Adverse events occurred in 94% of patients in the 20-mg/kg cannabidiol group, 84% of those in the 10-mg/kg group, and 72% of placebo patients, and most were mild or moderate. The most common were somnolence and decreased appetite.
Treatment-related serious adverse events were reported in 5, 2, and 0 patients in the groups, respectively. Some elevations in transaminases were seen (in 11 patients in the 20-mg/kg dose group, and 2 in the 10-mg/kg dose group), but no patients met criteria for drug-induced liver injury with concurrent elevated bilirubin, and all cases resolved, Dr. Patel said.
Similar findings were noted in GWPCARE4, and both Dr. Patel and Dr. French noted that most patients with elevated transaminases were also taking valproic acid.
No deaths occurred in either GWPCARE4 or GWPCARE3.
“We feel both doses... produce significantly greater reductions in drop seizures as compared to placebo,” Dr. Patel said.
In an interview, he noted that the two cannabidiol doses were not compared directly to determine if the differences in response rates and adverse events were statistically significant, but said that the rates appeared comparable, and that the adverse event rates were high in all of the groups, reflecting a very sick patient population.
Of the 212 patients who completed GWPCARE3, 99% entered an open-label extension study.
Eligible patients in both trials were children and adults aged 2-55 years with a clinical diagnosis of LGS, at least two drop seizures (including tonic, atonic, and tonic-clonic seizures) each week at baseline, and documented failures on at least one AED.
Patients and caregivers in both trials were more likely to report improvement in overall condition among treated vs. placebo patients, as measured using the Subject/Caregiver Global Impression of Change scale.
The findings provide class 1 evidence that cannabidiol as add-on therapy in LGS is efficacious for reducing seizure frequency, and is generally well tolerated, Dr. French and Dr. Patel said.
Dr. French noted that enthusiasm for the trials was high, with many study sites reporting waiting lists for patient enrollment.
Some of the authors in each study have consulted for, conducted studies funded by, or received honoraria from GW Pharmaceuticals, which funded the GWPCARE4 and GWPCARE3 trials and manufacturers the oral cannabidiol solution.

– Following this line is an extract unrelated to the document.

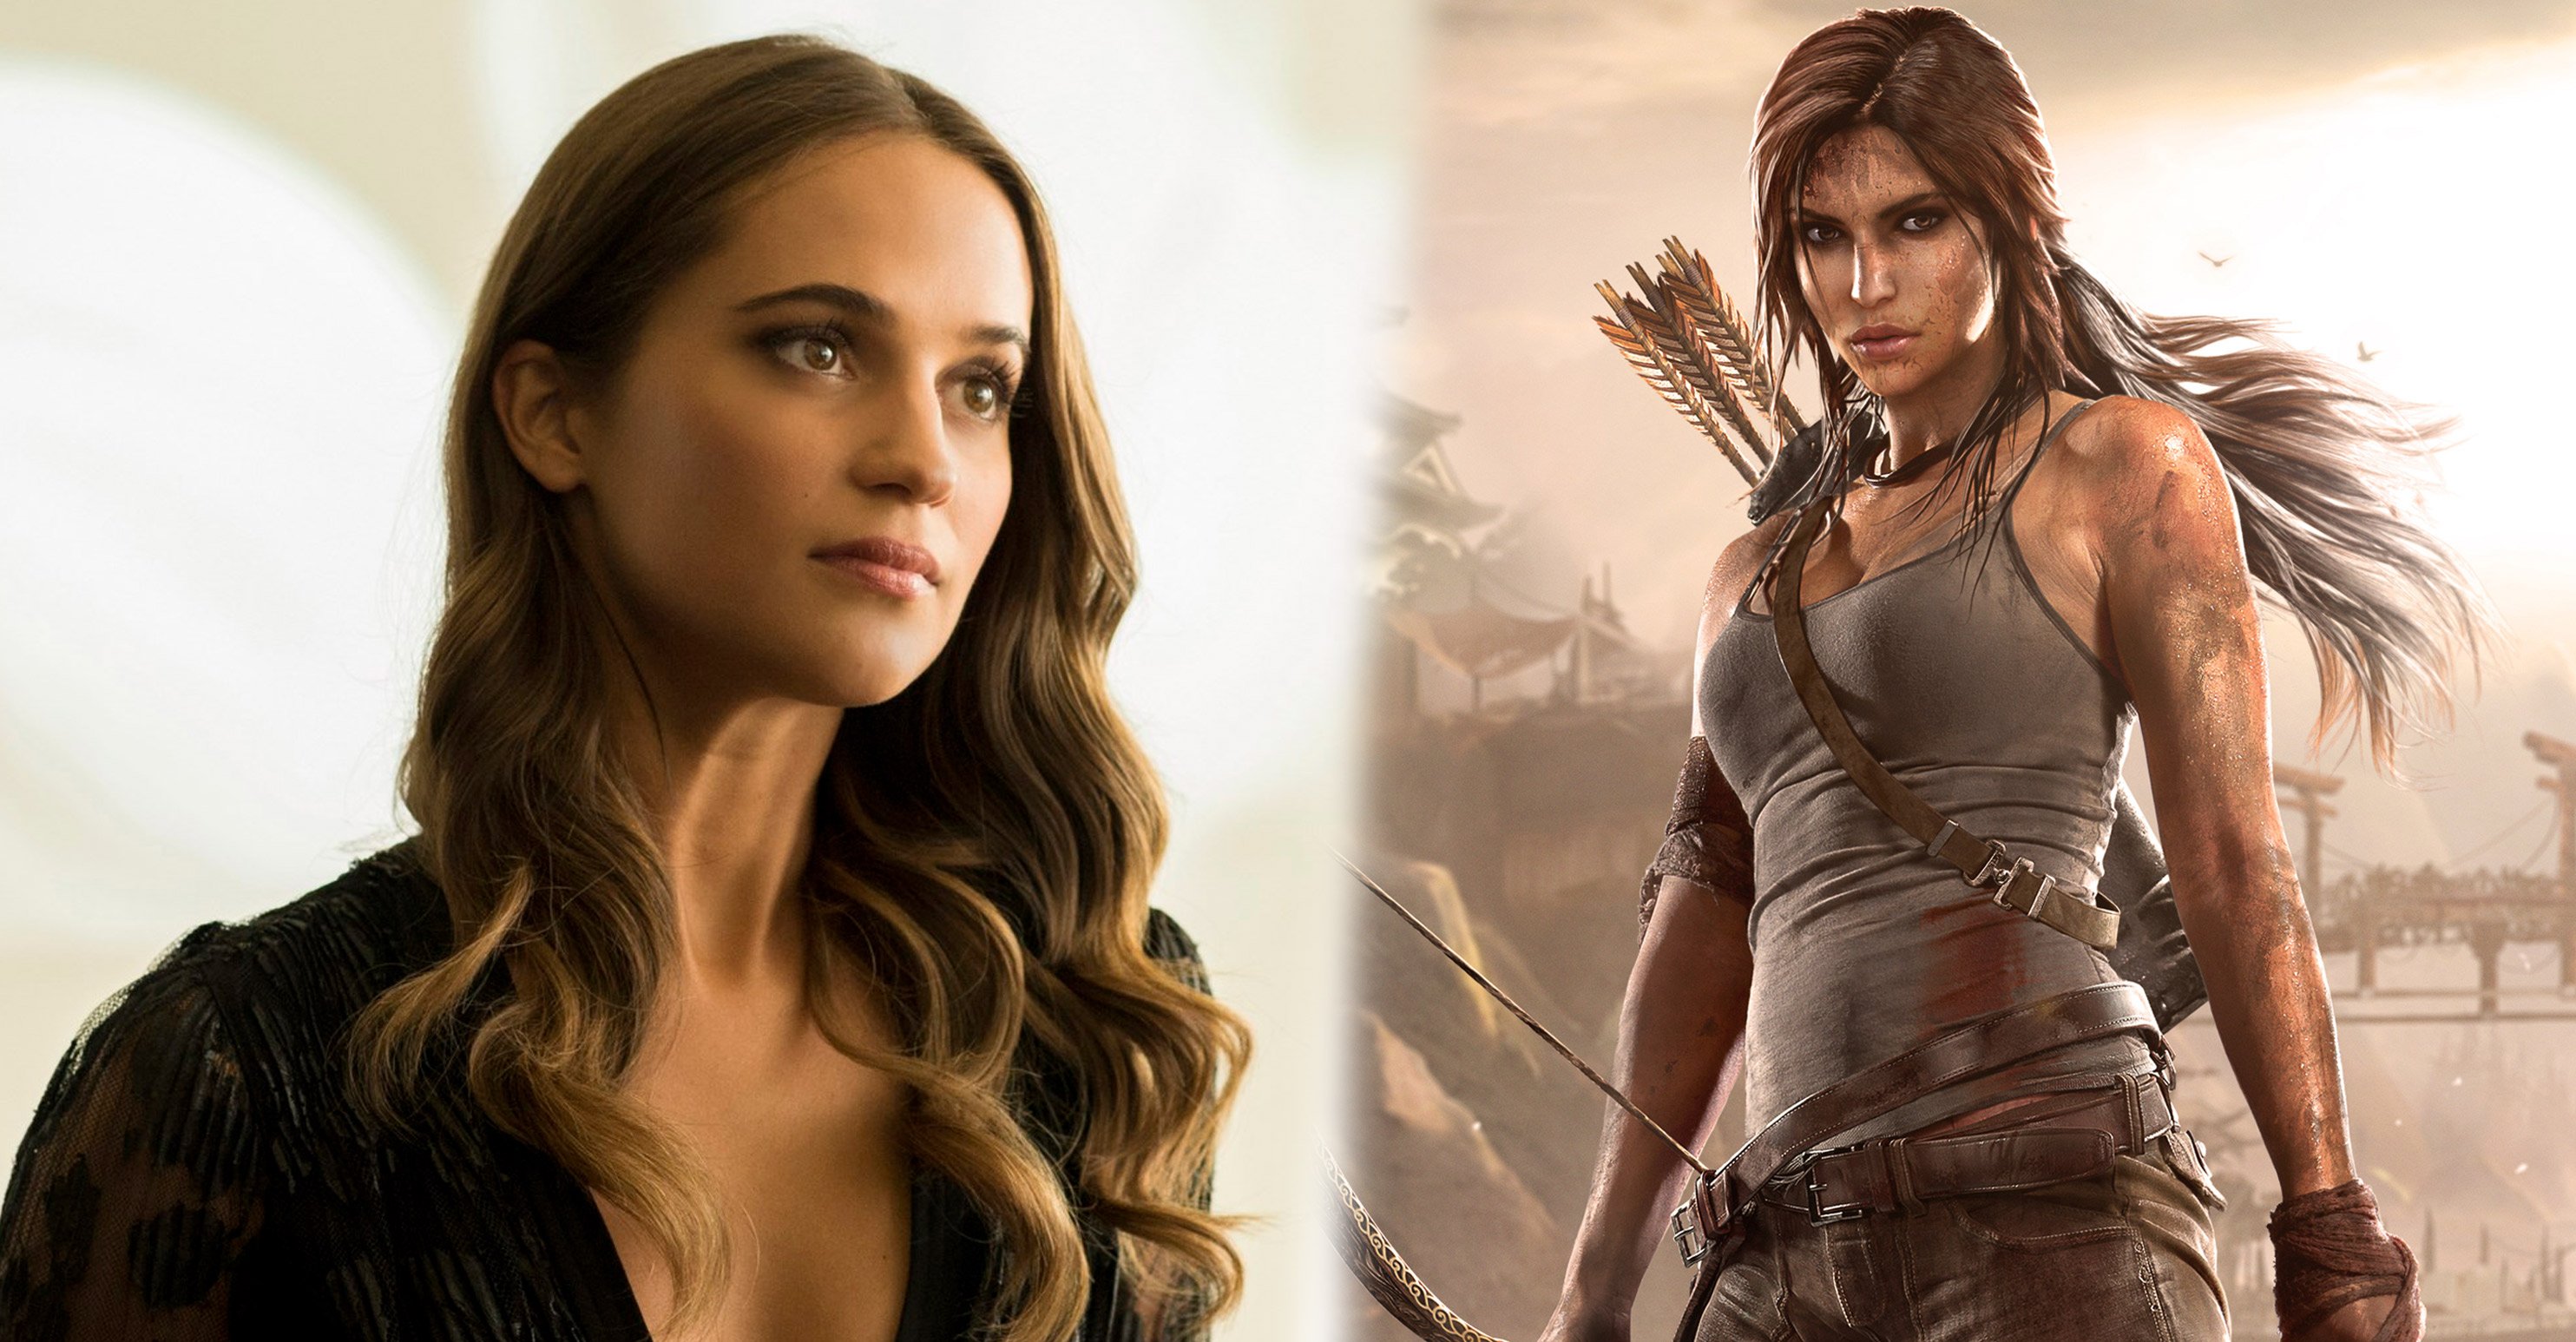 Atriz que fez o filme do jogo Tomb Raider ao lado de sua personagem Lara Croft

Several authors in each study were employees of GW Pharmaceuticals.
sworcester@frontlinemedcom.com
Key clinical point:
Major finding: The drop seizure frequency decreased by a median of 42%-44% in the 20 mg/kg per day cannabidiol groups vs. 17%-22% in the placebo groups.

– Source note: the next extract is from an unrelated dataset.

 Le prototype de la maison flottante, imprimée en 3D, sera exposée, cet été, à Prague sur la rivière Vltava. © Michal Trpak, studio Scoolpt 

Data source: The randomized, placebo-controlled GWPCARE4 and GWPCARE3 trials, including 171 and 225 patients, respectively.
Disclosures: Some of the authors in each study have consulted for, conducted studies funded by, or received honoraria from GW Pharmaceuticals, which funded the GWPCARE4 and GWPCARE3 trials and manufactures the oral cannabidiol solution. Several authors in each study were employees of GW Pharmaceuticals.